Cloud Technology as New Foundation

Cloud has become the new normal for nine of ten enterprises across industries. The average IT environment in both SMBs and larger companies is becoming increasingly cloud-based. Companies also diversify their delivery models, with Infrastructure as a Service (IaaS) and Platform as a Service (PaaS) gaining more and more traction. Plus, a slew of new job positions have emerged to manage different aspects of cloud in the enterprise, including architecture and safety.

One of the new trends in the banking industry, ensuring fail-safe security will also be a core question regardless of the type of a cloud solution and its scale. Cloud is one of the current banking industry trends as well. It is expected that the technology will serve as a foundation for core modernization of banking organizations.

Risk Management Banking Industry Trends

Existing risk management systems at banking organizations might not be ready to face the challenges of the rapidly changing world. Poised to become the top banking industry trends for 2019 and years to come, AI-driven solutions with machine and deep learning algorithms provide a solution. As for cyber risk management, experts at Deloitte point at the following trends in the banking industry:

  1. Strengthen basic controls like IT asset, patch, and vulnerability management to identify and manage risks related to implementation of cloud and migration to open architecture.
  2. Use analytics tools and AI with security in mind.
  3. Build an IT infrastructure with security as a top priority: it should be able to withstand systematic attacks and long stress periods.
Risk Management Banking Industry Trends

Fintechs and nonbanks now have a substantial influence in the banking industry. They are highly agile, innovative, and aim at exceeding the demands of modern customers in banking services and experiences. Established retail banks need to compete and often play catch-up. Still, they acknowledge the need to change, and change fast.

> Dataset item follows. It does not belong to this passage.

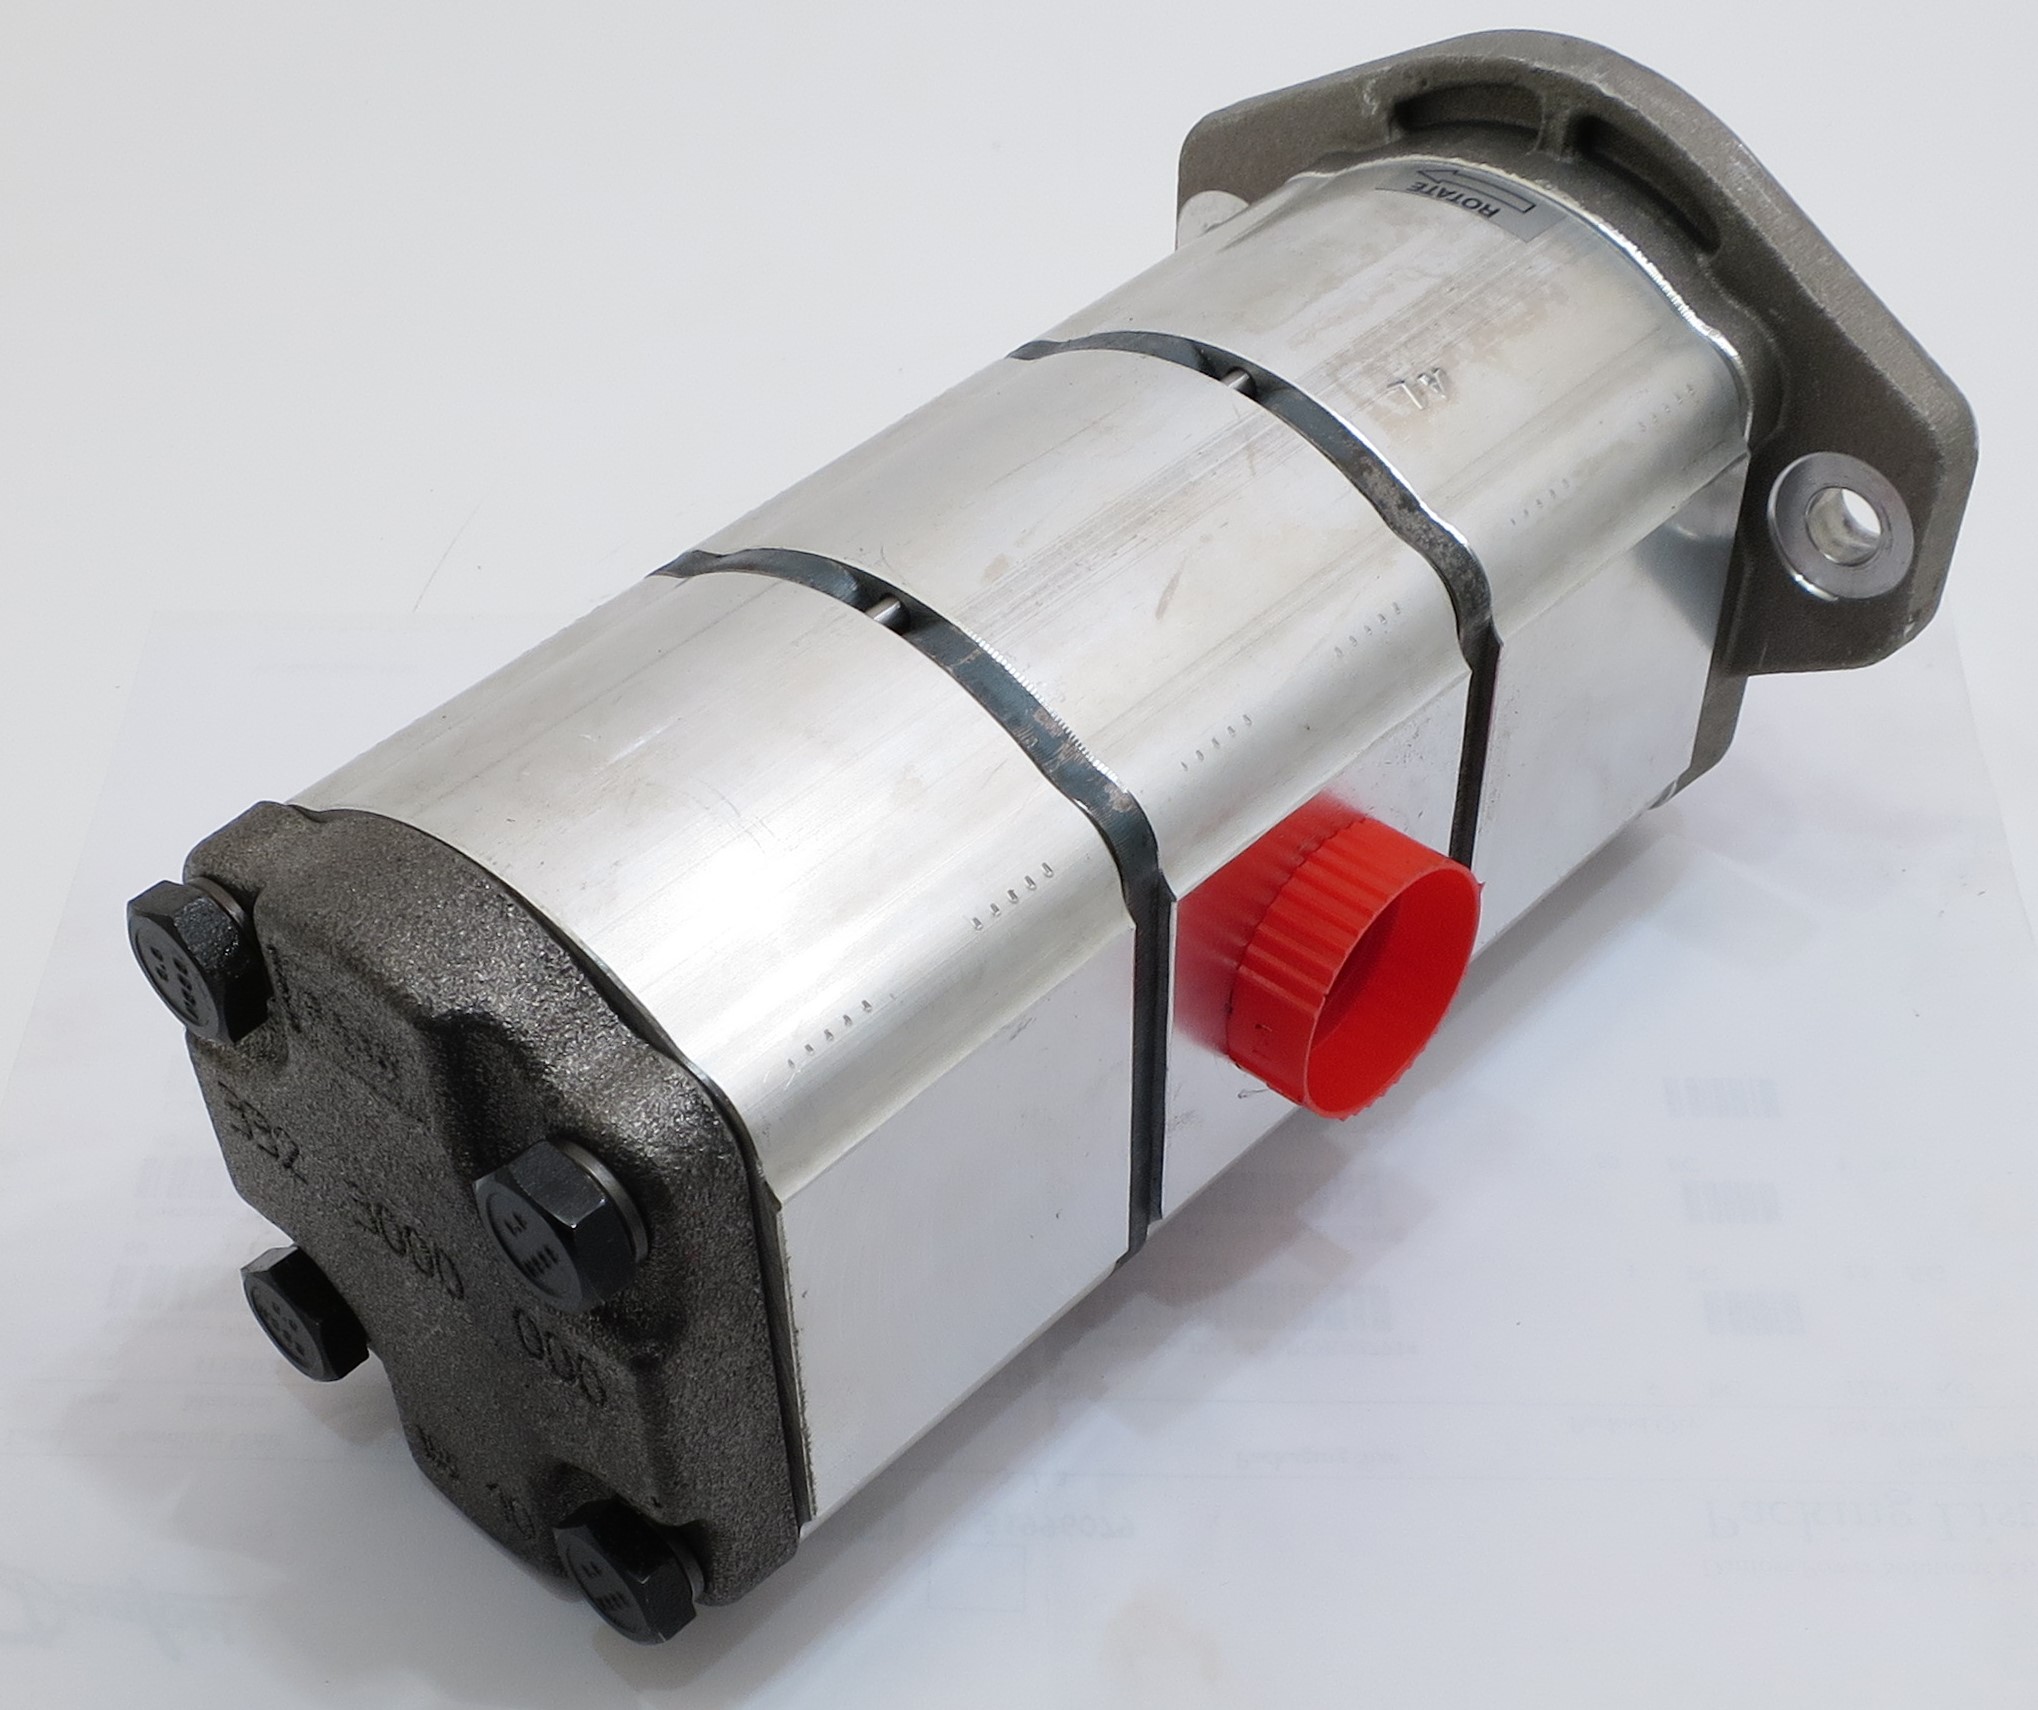 Hydraulic Gear Pumps - White House Products, Ltd

There are no secrets to success. It is the result of preparation, hard work, and learning from failure.

– Paul Tournier

Thus, adopting the same approach is a potent solution for retail banks that aim at adopting the latest trends in the banking industry quickly and impactfully.

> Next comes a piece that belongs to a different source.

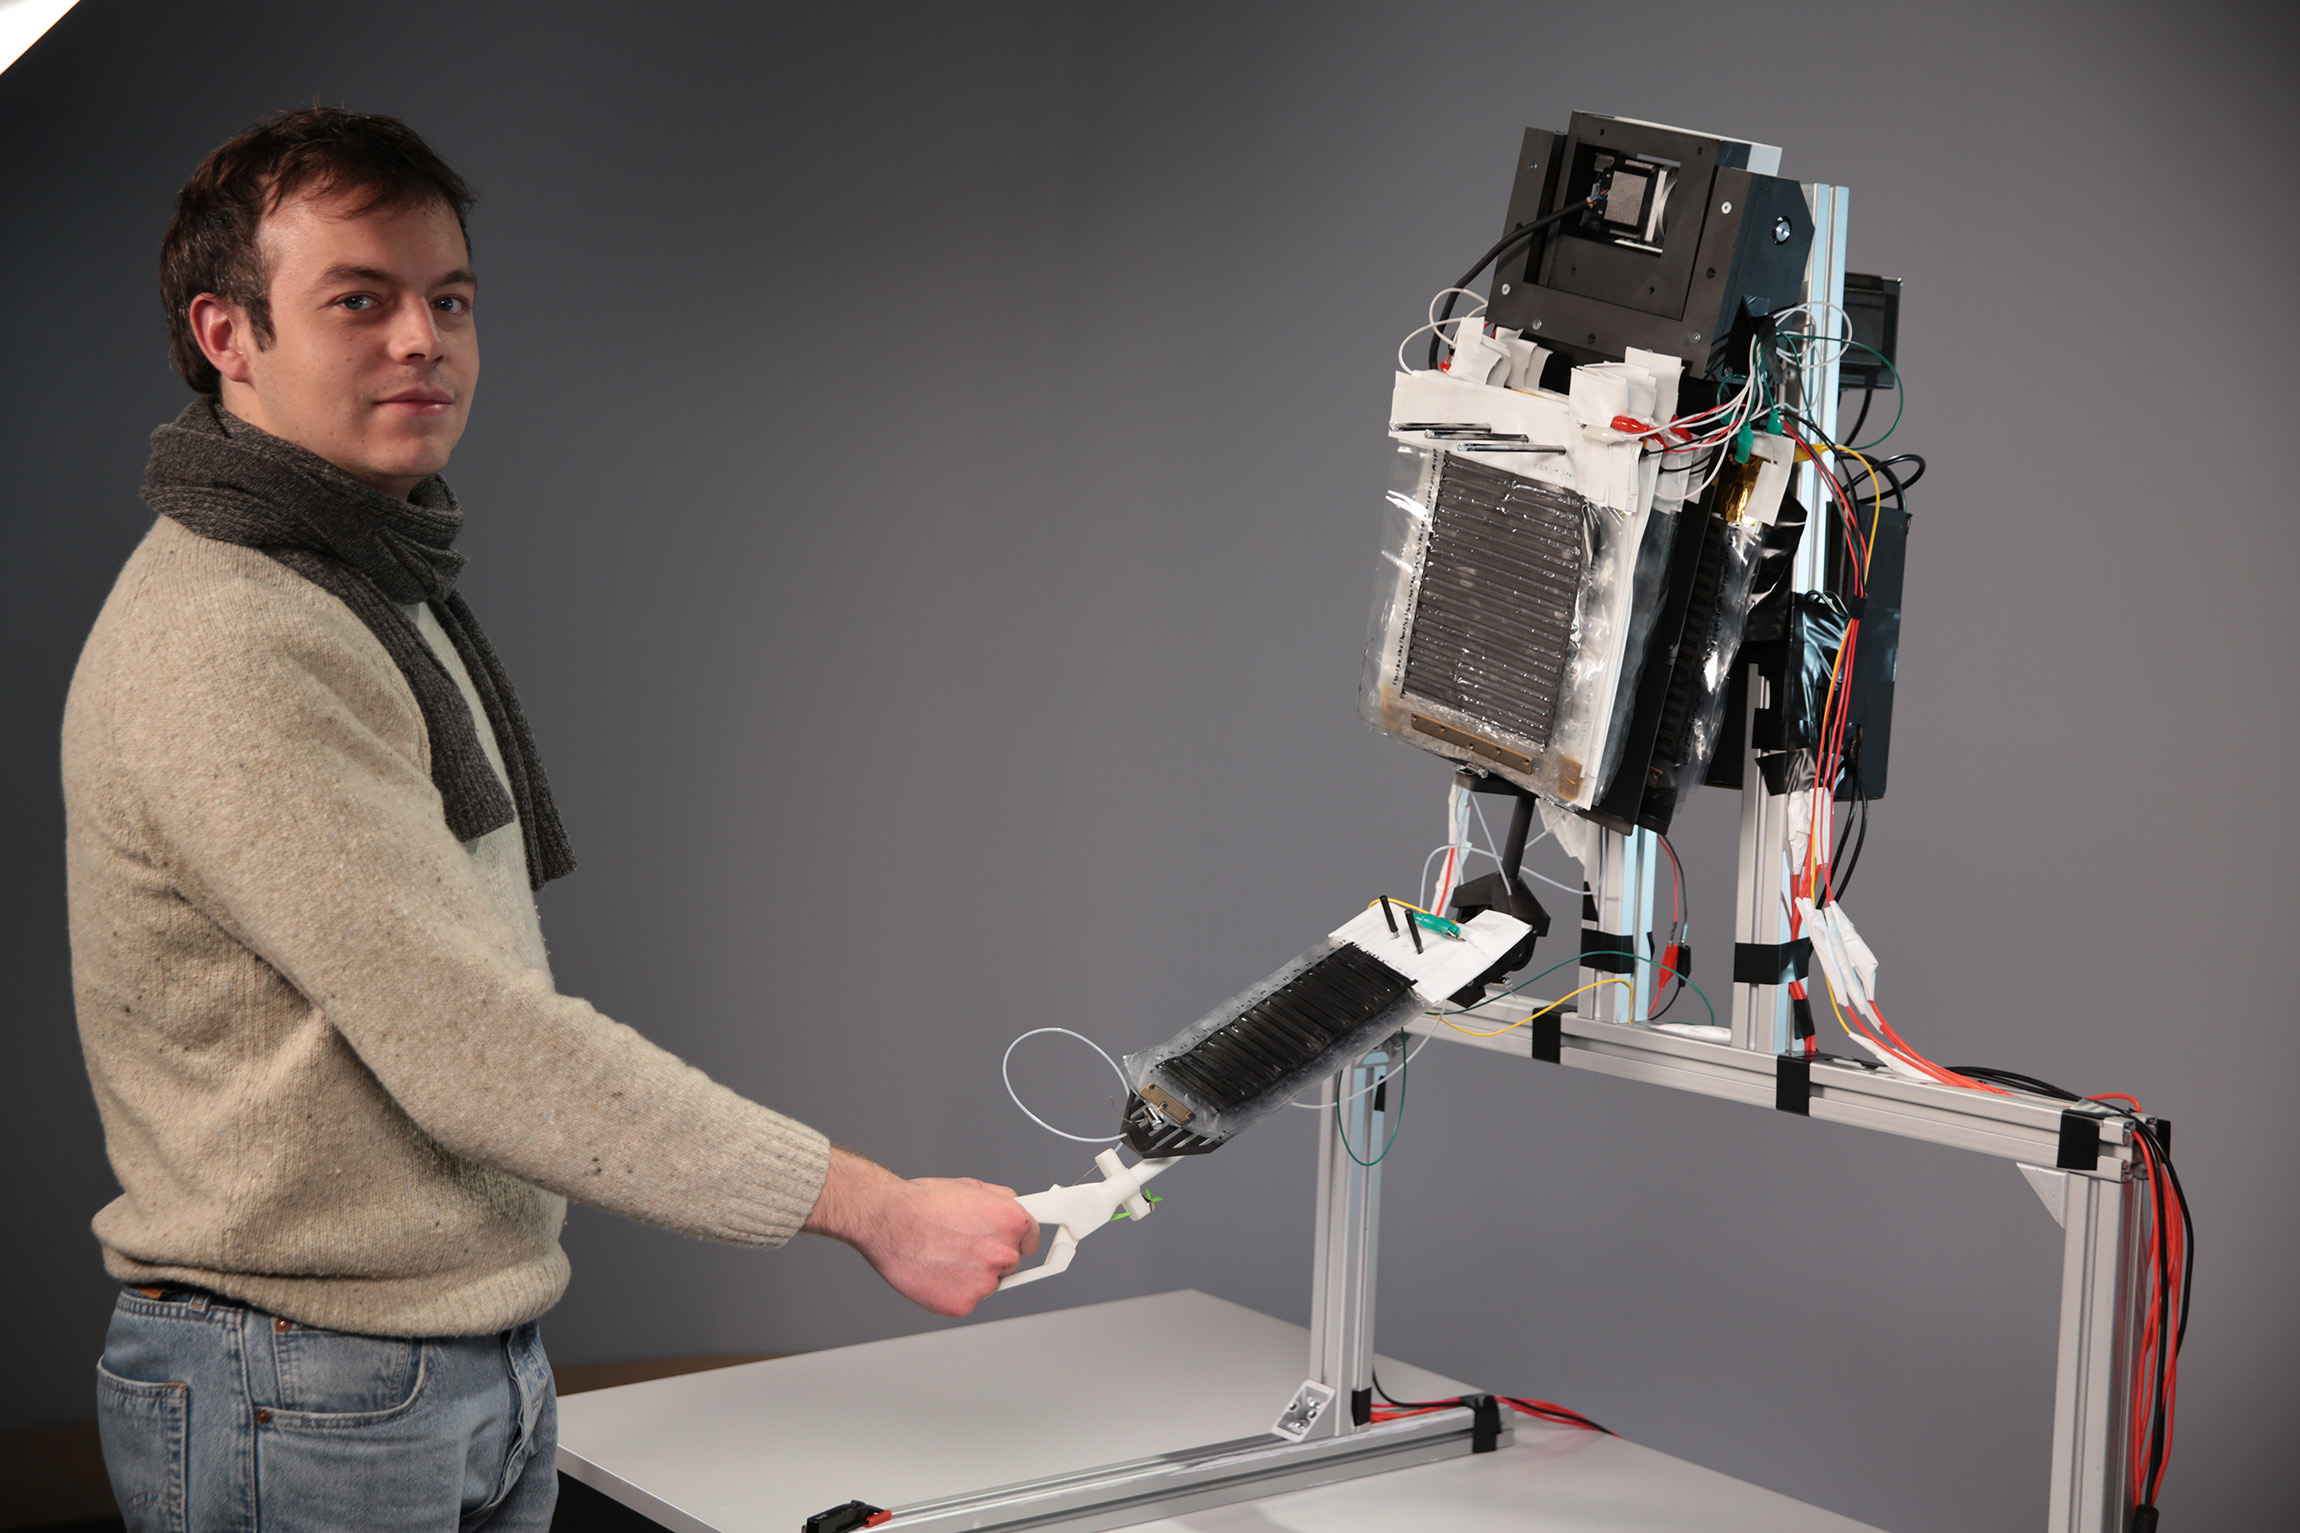 A student shakes hands with the robot arm

Augmented Reality Platform By Google

Whether you are building an enterprise web portal or a state-of-the-art website, you always need the right modern tools. Well-built and maintained PHP frameworks provide those tools in abundance, allowing maintained PHP frameworks provide those tools in abundance, allowing developers to save time, re-use code, and streamline the back end. As software development tools continuously change to follow the latest. Despite the competition from startups and the ever-present economic challenges, the banking industry is gradually adopting what the latest technologies have to offer.

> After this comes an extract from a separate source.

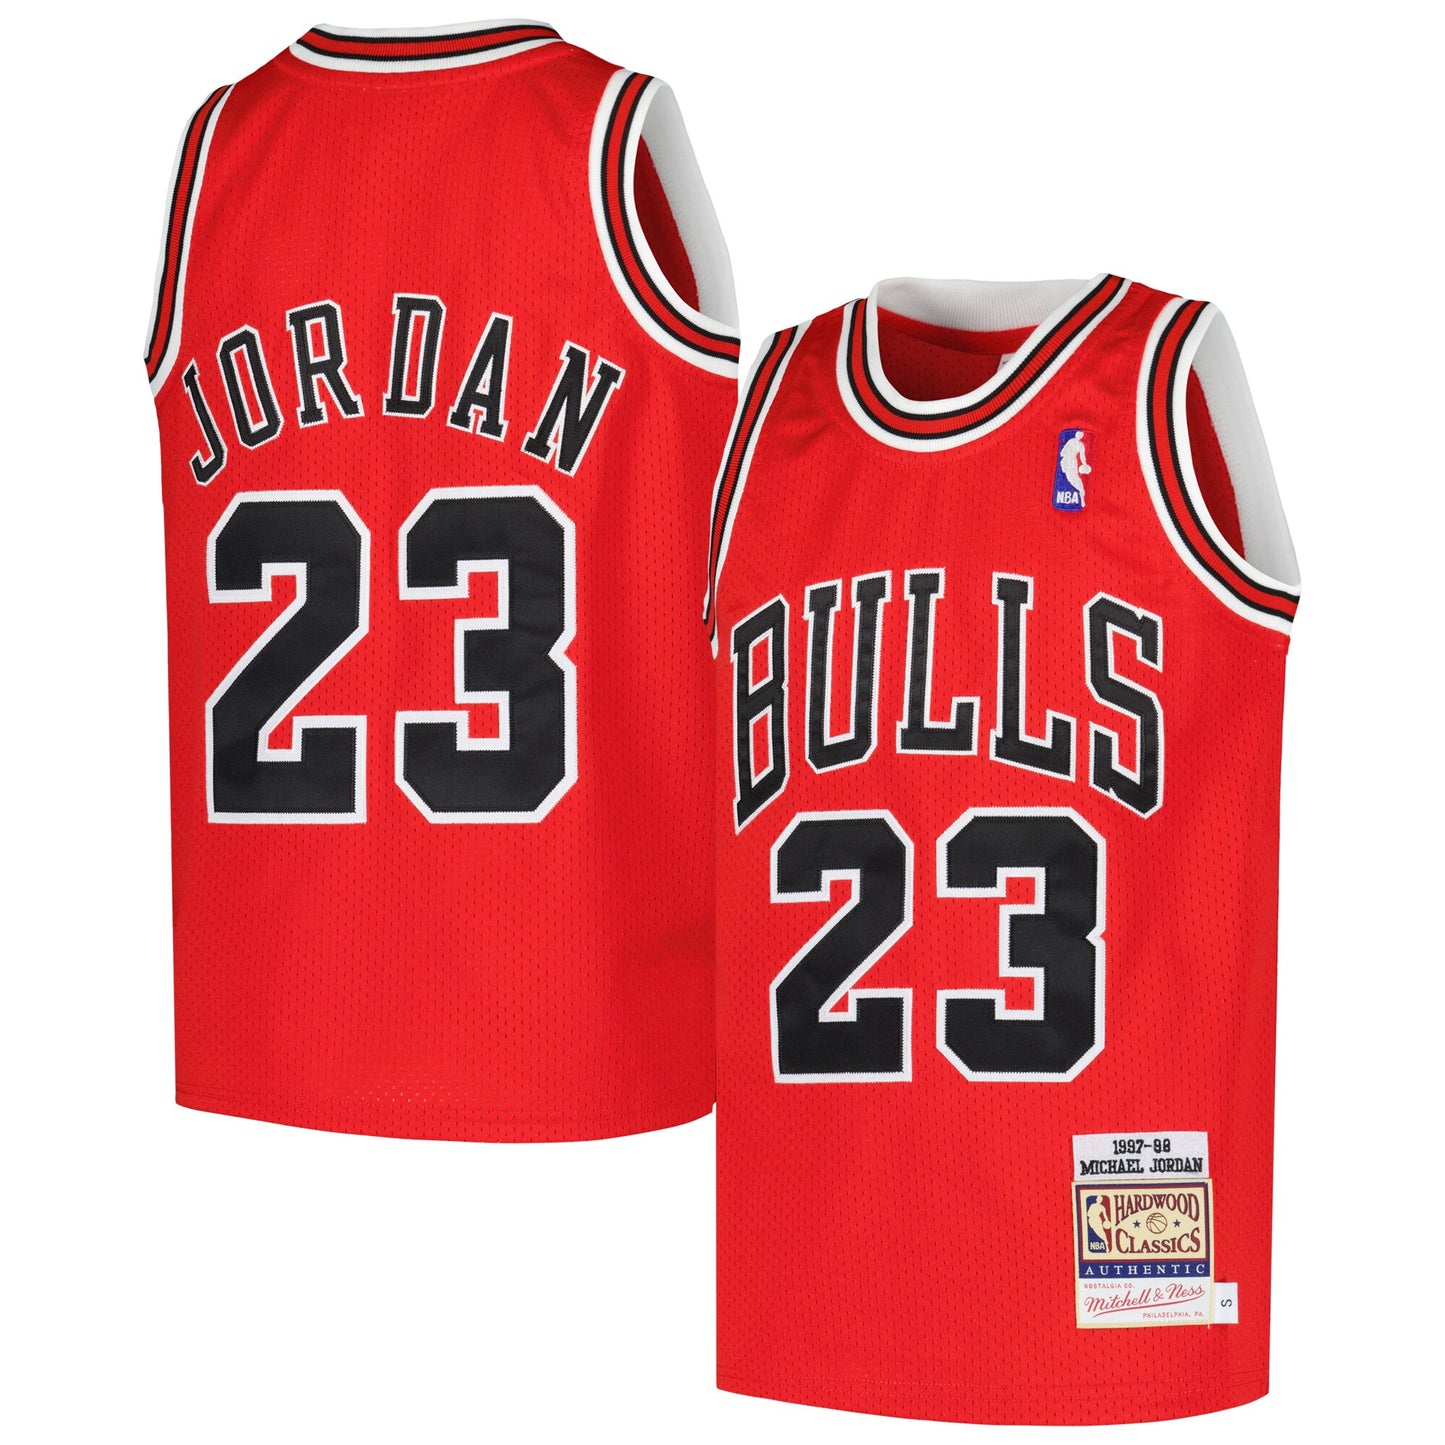 Michael Jordans Chicago Bulls Mitchell & Ness Youth Hardwood Classics 1997-98 Authentic Jersey - Red

From cloud technology to cyber risk management to machine learning in investment banking, join us as we explore the banking industry trends for 2019 and beyond. Cloud is one of the current banking industry trends as well. It is expected that the technology will serve as a foundation for core modernization of banking organizations.

Cloud Technology as New Foundation

Cloud has become the new normal for nine of ten enterprises across industries. The average IT environment in both SMBs and larger companies is becoming increasingly cloud-based. Companies also diversify their delivery models, with Infrastructure as a Service (IaaS) and Platform as a Service (PaaS) gaining more and more traction. Plus, a slew of new job positions have emerged to manage different aspects of cloud in the enterprise, including architecture and safety.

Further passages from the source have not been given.